In this assignment, you will: 
* Represent the dataset as a matrix and check the row and column vectors.
* Implement various vector similarity/distance measures. 
* Find the top similar vectors to a given vector.
* Compute SVD transformation of the Matrix/Vectors and analyze the vectors with reduced dimensionality. 

In Part I of the assignment, we will load the dataset, transform it into vector/matrix format, and perform necessary sanity checks. You only need to code very little in this part. Please run all the code blocks in order and read the descriptions carefully. 

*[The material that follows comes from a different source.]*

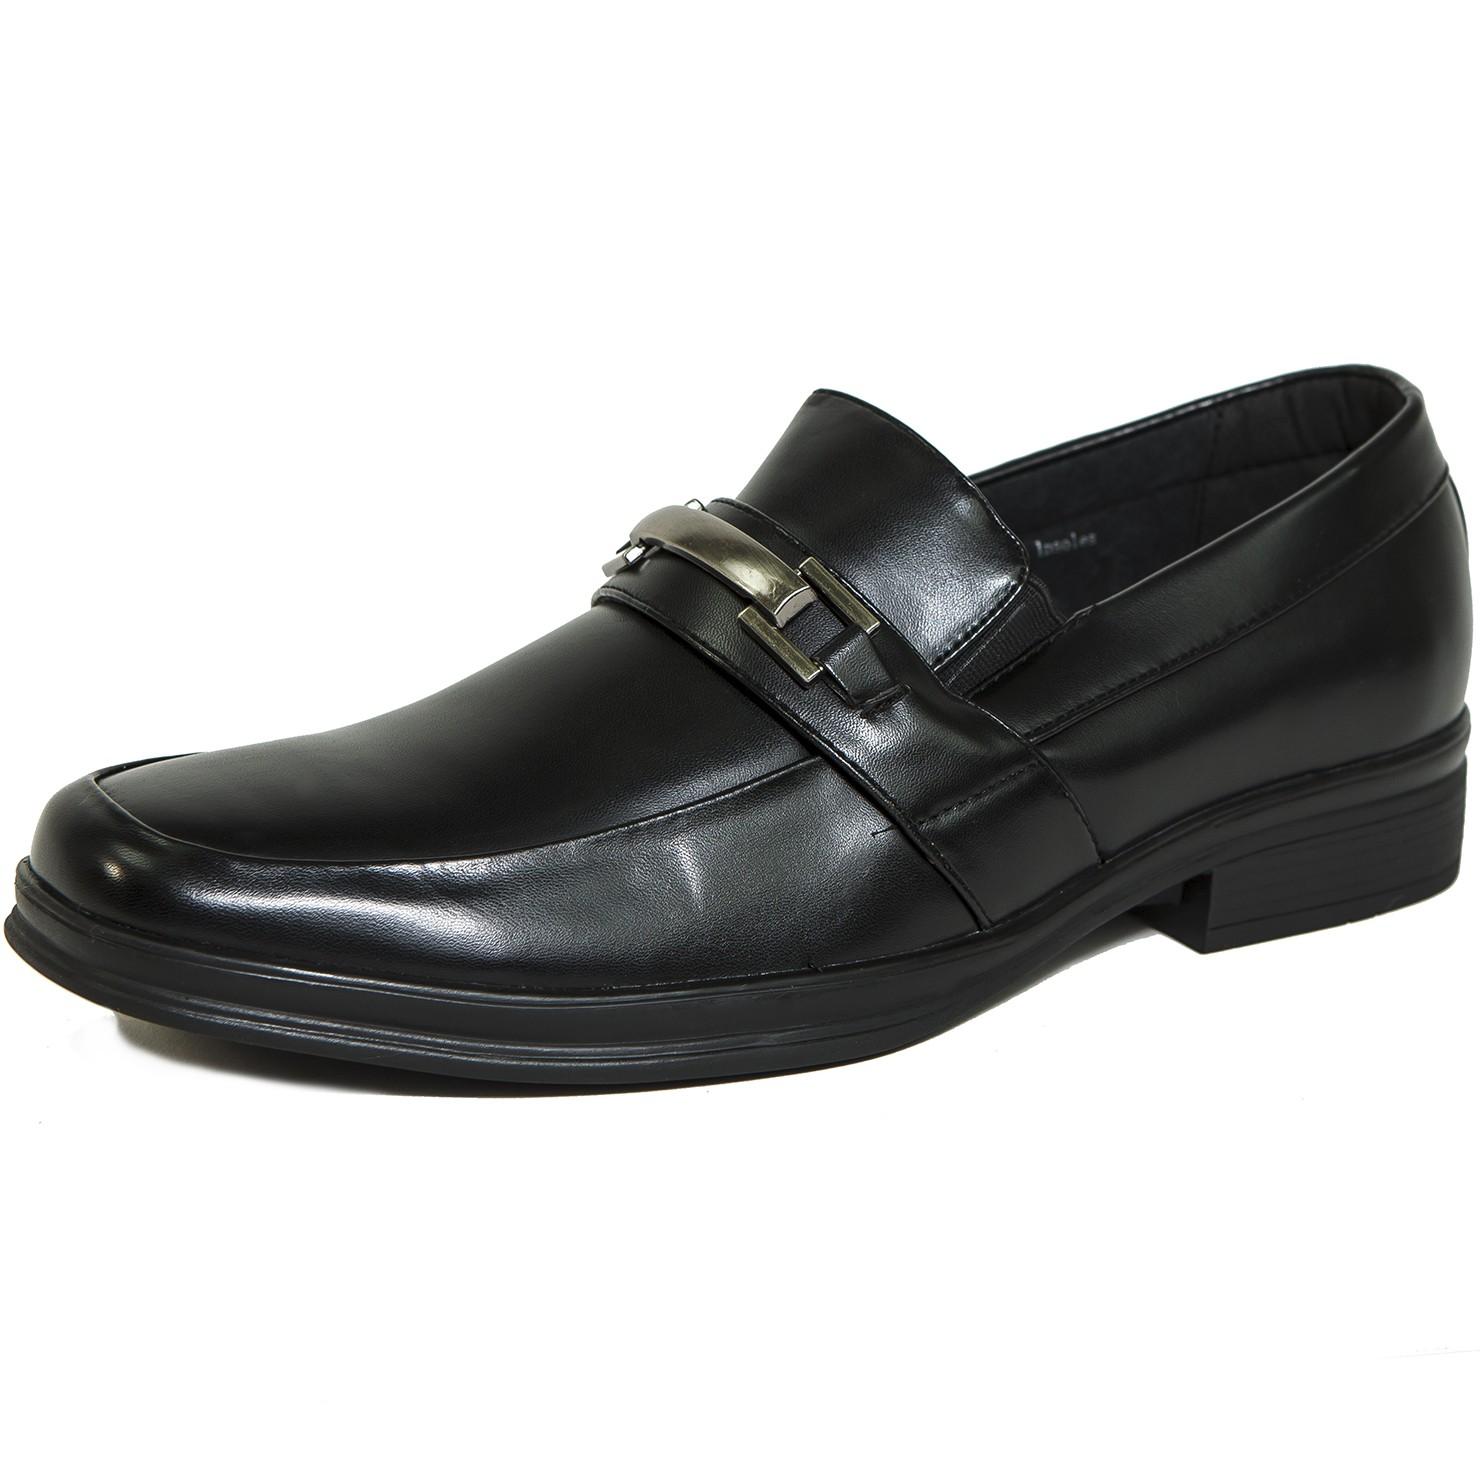 Mens Suede Buckle Shoes

First, let's import the packages and dependencies that will be used later.

In [None]:
import pandas as pd
import numpy as np

## Data Preprocessing
Let's start by loading the data and preview the first few lines. We will use two data files. The montreal_business.csv file stores the attributes of the restaurants, and the montreal_rating.csv file stores the user ratings of the restaurants. Both businesses and users are assigned randomized string identifiers (business_id and user_id), as a common way to preserve the privacy of customers.

In [None]:
business_df = pd.read_csv('assets/montreal_business.csv')
business_df.head()

In [None]:
business_df.set_index('business_id', inplace=True)
business_df.head()

Every row is a restaurant, and the "stars" field stores the aggregated rating of all its customers.  Other fields should be self-explanatory. 

In [None]:
review_df = pd.read_csv('assets/montreal_user.csv')
review_df.head()

Every row in this user-rating data file corresponds to a restaurant-user pair, and the "stars" column stores the individual (unaggregated) score that users gave to that restaurant. 

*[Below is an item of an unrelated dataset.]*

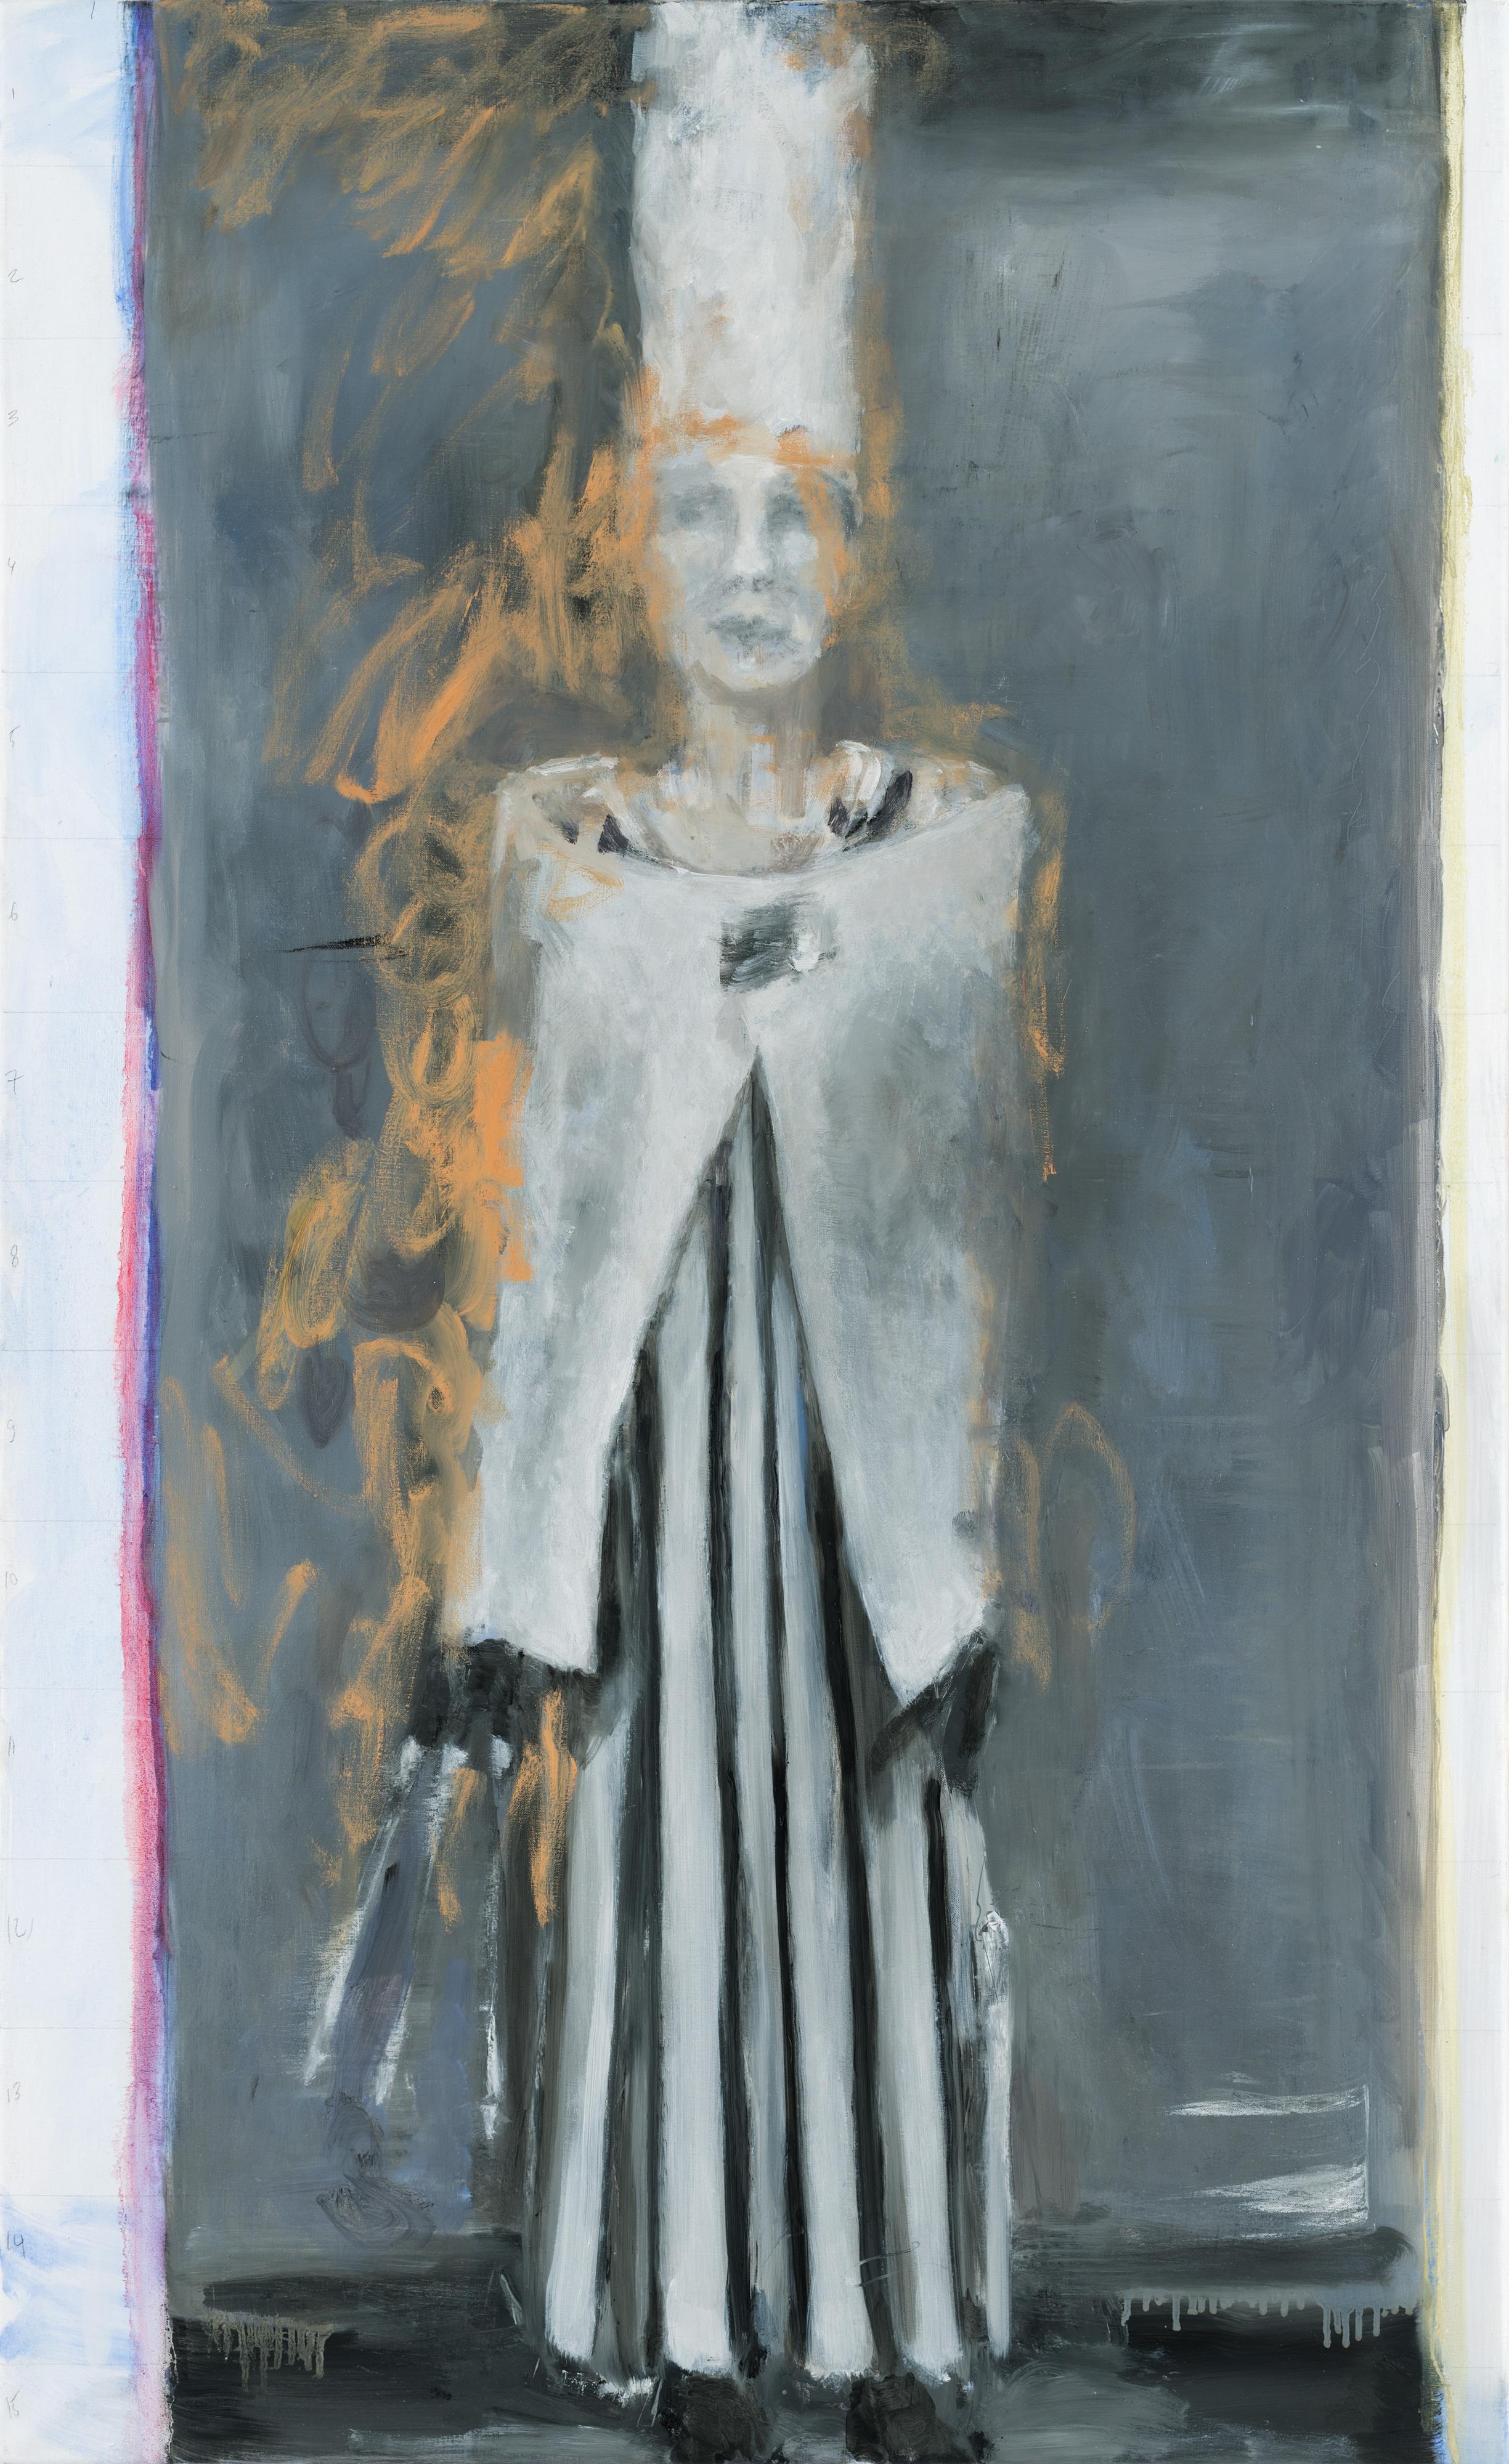 Galerie Barbara Thumm \ Valérie Favre: Redescription Selbst-Portrait (nach Hugo Ball, Dada Poète) N°5 (VFa-16-002) \ Redescription Selbst-Portrait (nach Hugo Ball, Dada Poète) N°5 (2016)

### Constructing restaurant-user matrix:

The first thing is to transform the user-restaurant ratings into a matrix. Each row vector represent the ratings of one restaurant and each dimension of the row vector (aka. a column) represents a user. Therefore, the $j$-th dimension of the $i$-th row vector represents the rating of user $j$ on the restaurant $i$. We can perform pivoting on the `review_df` dataframe to generate such a matrix, and then view the first few row vectors.

In [None]:
rating_df = review_df.pivot_table(index=['business_id'], columns=['user_id'], values='stars')
rating_df.head(5)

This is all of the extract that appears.